There was no significant weight-loss (as one might expect given the compensatory over-eating on non-fasting periods). Yet they did find significant improvement in glucose metabolism, especially insulin sensitivity.  They did not find evidence for the muscle-loss that had been observed in long-term fasts of 72 hours. According to the researchers:

This experiment is the first in humans to show that intermittent fasting increases insulin-mediated glucose uptake rates, and the findings are compatible with the thrifty gene concept.

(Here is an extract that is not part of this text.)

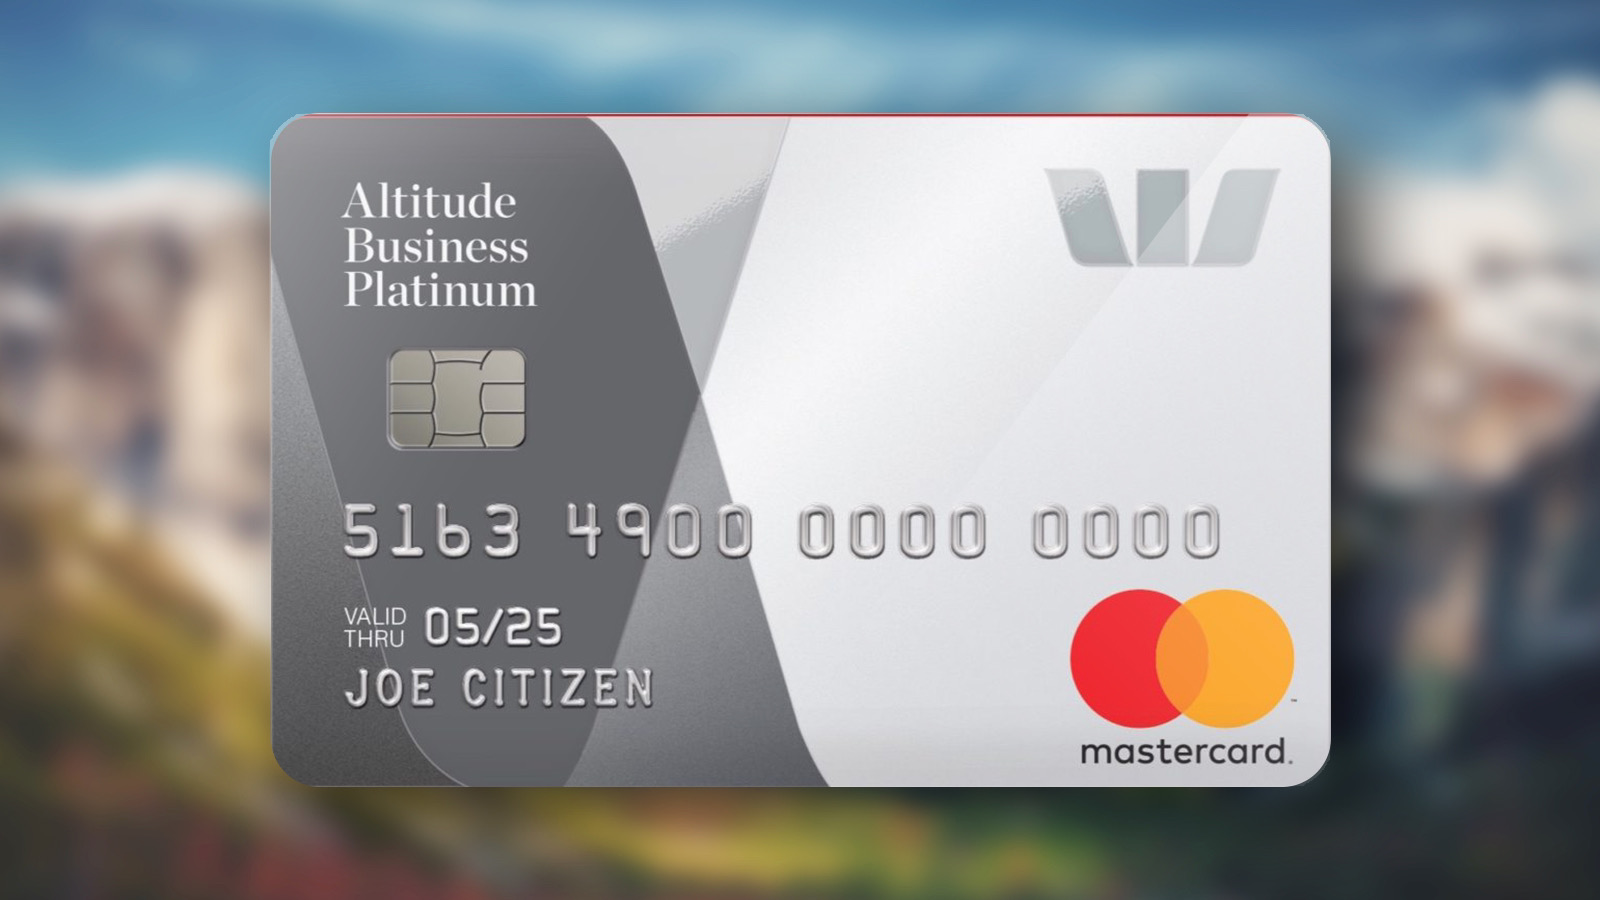 westpac-altitude-business-platinum-credit-card-point-hacks

By ‘thrifty gene’ they mean that our bodies are likely adapted to Late-Paleolithic eating habits. Indeed, in their introduction, the authors state:

Insulin resistance is currently a major health problem. This may be because of a marked decrease in daily physical activity during recent decades combined with constant food abundance. This lifestyle collides with our genome, which was most likely selected in the late Paleolithic era (50,000–10,000 BC) by criteria that favored survival in an environment characterized by fluctuations between periods of feast and famine. The theory of thrifty genes states that these fluctuations are required for optimal metabolic function.

Our take on this is that even very limited fasting, such as imposed by their study, can be beneficial for health. Our fasting schedule is really not much different, except it is slightly longer, 23 hours instead of 20, and our schedule is more balanced — which we find easier and much more comfortable — and we maintain it fairly constantly, not just for a couple weeks.

I find no reason to suspect our genetic adaptation to food intake during the Late-Paleolithic was substantially different from earlier times, when hunting-gathering also prevailed, so it might be more accurate to suggest we are still largely adapted to pre-agricultural food habits. No doubt we have undergone substantial adaptation during the past 10,000 years, but probably not enough to overcome the preceding 200,000 or more years.